In the meantime, let's enjoy his development and hope he keeps it up.


----------



## Masbee (Dec 31, 2002)

c_note said:


> The thing that pisses me off about this board and Martell is that 90% of posters didn't even believe in him. If most of you had your way, he wouldn't even be on the team anymore.


And the thing that pisses fans off is when after suffering through a horrific season - possibly the worst in franchise history - management passes on Chris ****ing Paul, a point guard, so they can reach on a high school project of a wing player.

Martell was not the most popular player for that reason, for his lack of confidence (not a sexy trait), and his sucking in games. If he is confident and plays well, he will earn his fans.

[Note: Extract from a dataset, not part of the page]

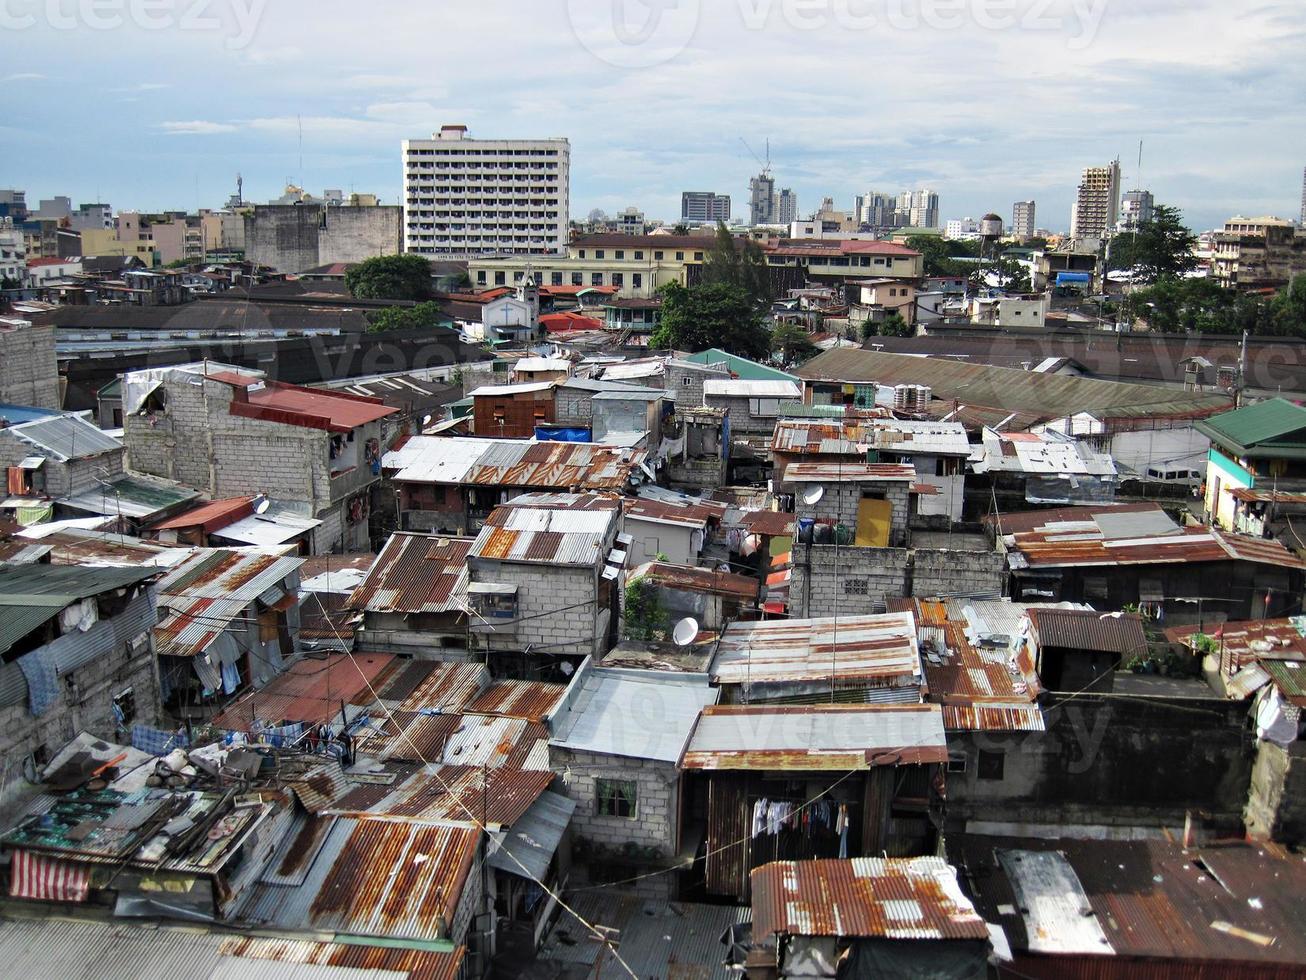 posseiros barracos e casas em uma área urbana da favela foto

Why do you think Martell deserved supportive fans before earning them? That pisses me off that you think other fans should.

And by the way, that 90% estimate is wrong. Martell had a ton of "give the kid more time" supporters.


----------



## Perfection (May 10, 2004)

On the flip side, if we had Paul, we wouldn't have Oden, Roy or Aldridge...or Martell. 
So maybe it worked out for the best.


----------



## Xericx (Oct 29, 2004)

c_note said:


> Um, he always had the ability to separate from the defense before this year. It was always obvious how athletic Martell was; the guys that can shoot off-balance/fadeaways are the guys that are averaging 20 points a game. Coming out of high school with that ability tells me that all he needs is a little time and experience.
> 
> Plus, the problem last year was the **** offense we were running through Zach Randolph. Nate wouldn't let Martell do ANYTHING on offense besides sit in the corner or pass the ball to Zach. This is what 90% of Blazer fans didn't understand. hence demanding a trade.
> 
> The thing that pisses me off about this board and Martell is that 90% of posters didn't even believe in him. If most of you had your way, he wouldn't even be on the team anymore.


This is incorrect. 

Coming in, Martell was essentially just a 3-point shooting option that would take ill advised shots out of the offense whenever he got it. Maybe Nate drew up the plays where Martell would just stand in the corner, but I don't think that was really an effect of Zach Randolph. 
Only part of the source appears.